ACTION ITEM:
Taking the line that contains "Dancing With The" as the start and the last line of the data as the end, repeat exactly every line in that span, but no pictures.

++++ COLLECTED MATERIAL

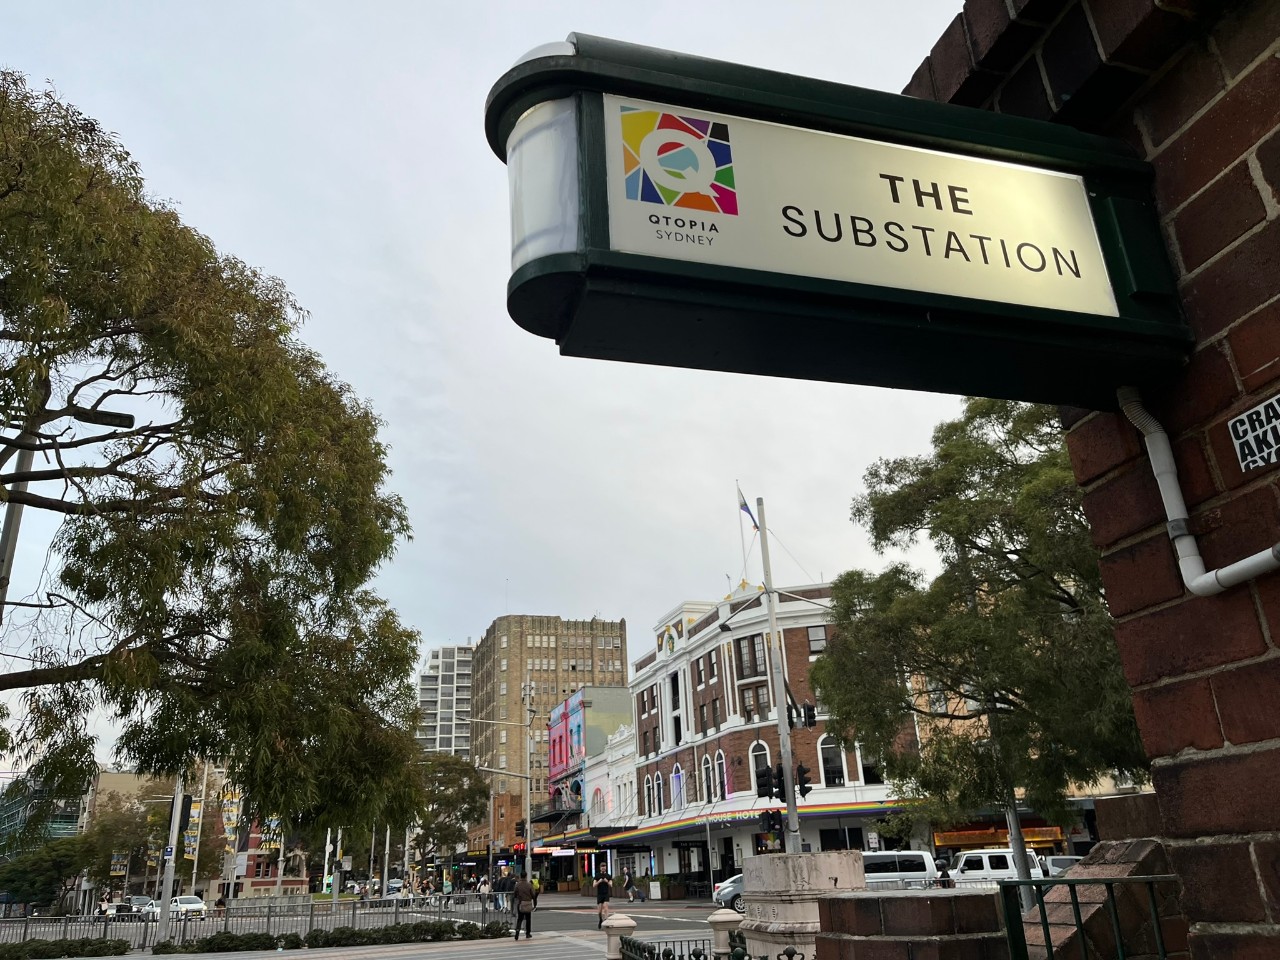 A photograph looking out across Taylor Square from Qtopia, in Darlinghurst, Sydney. In the foreground is a sign that reads "Qtopia Sydney: The Substation" and in the background are trees, a busy city street, and buildings. The Courthouse Hotel's sign is rainbow to indicate that it is a safe space for the LGBTQIA+ community.
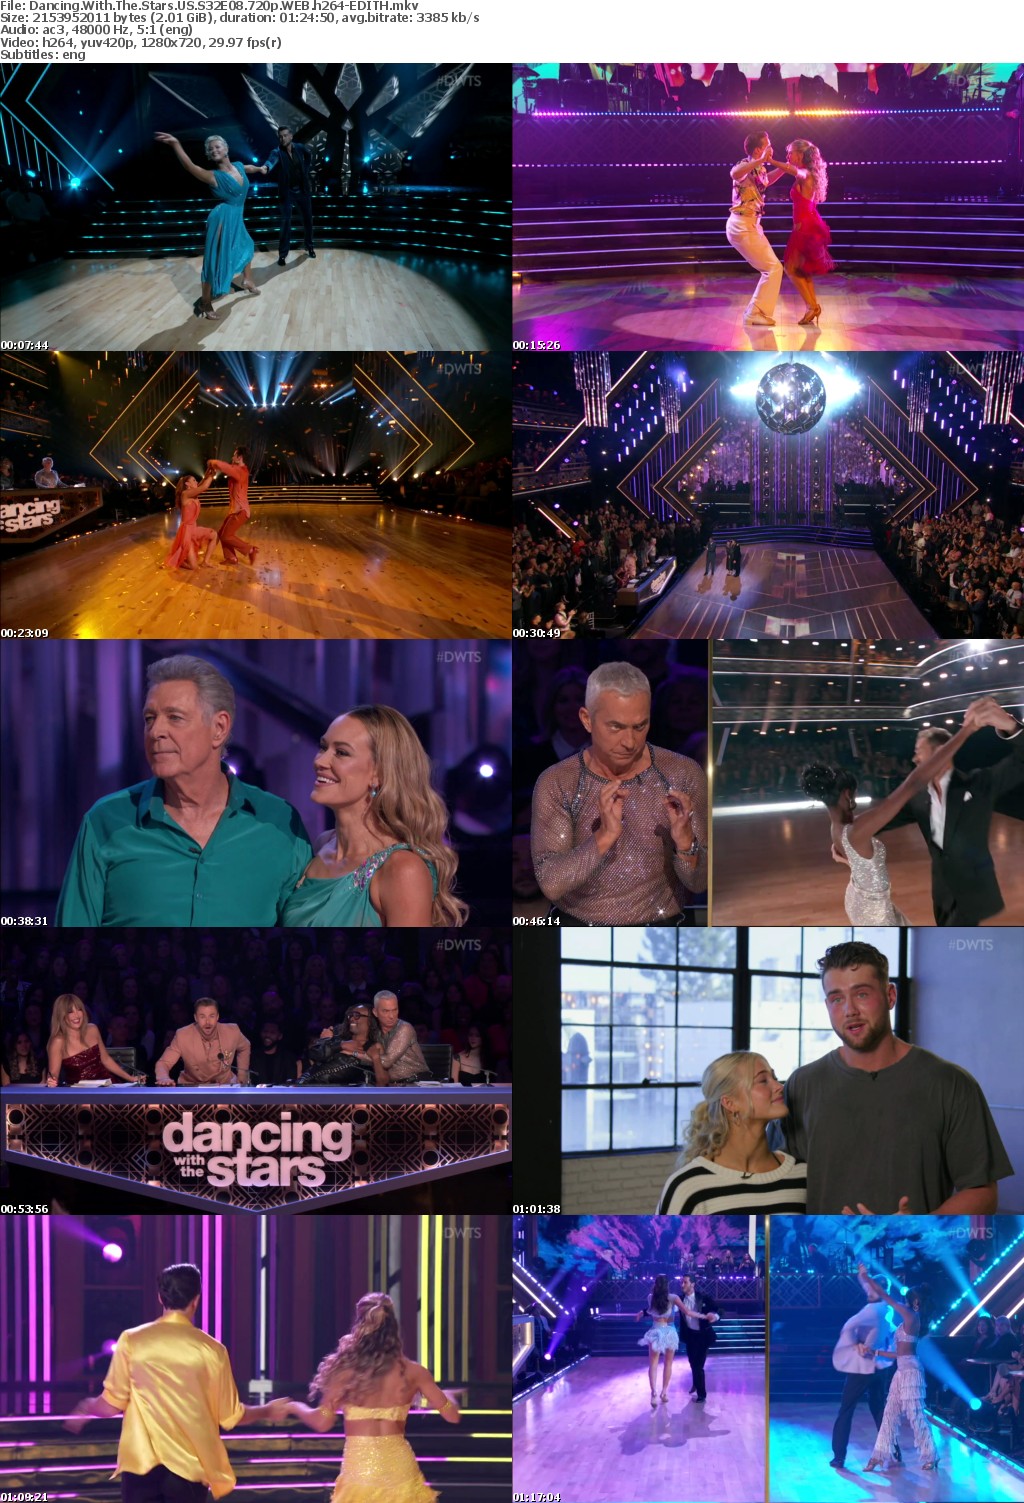 Dancing With The Stars US S32E08 720p WEB h264-EDITH
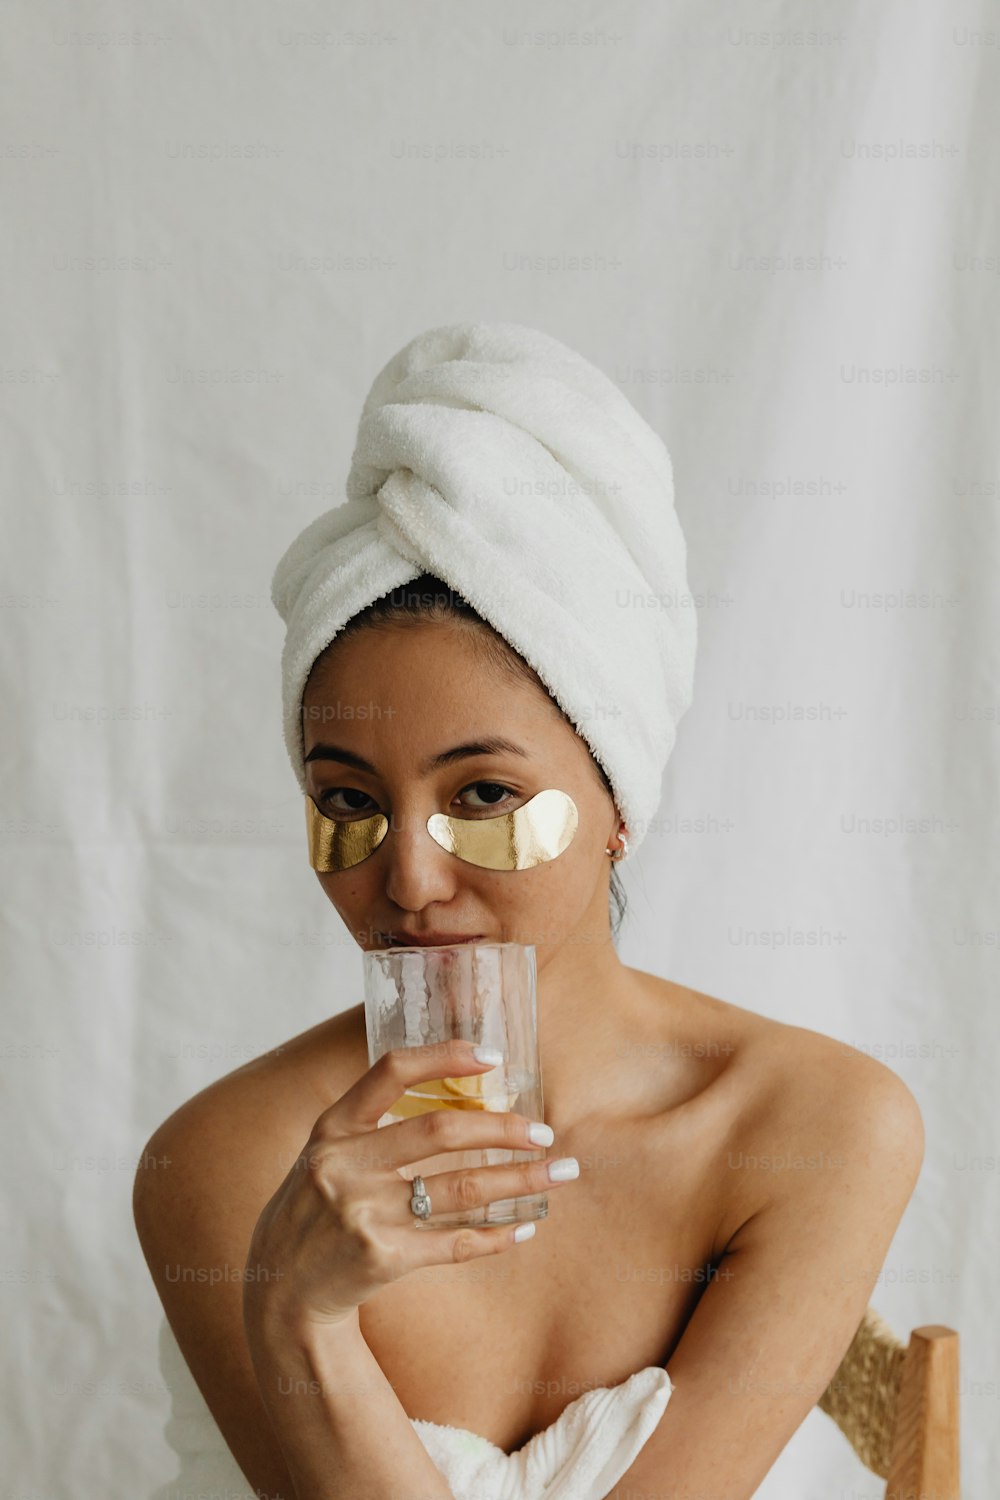 a woman with a towel on her head holding a glass

++++++++

RESULT OF THIS EXERCISE:
 Dancing With The Stars US S32E08 720p WEB h264-EDITH
 a woman with a towel on her head holding a glass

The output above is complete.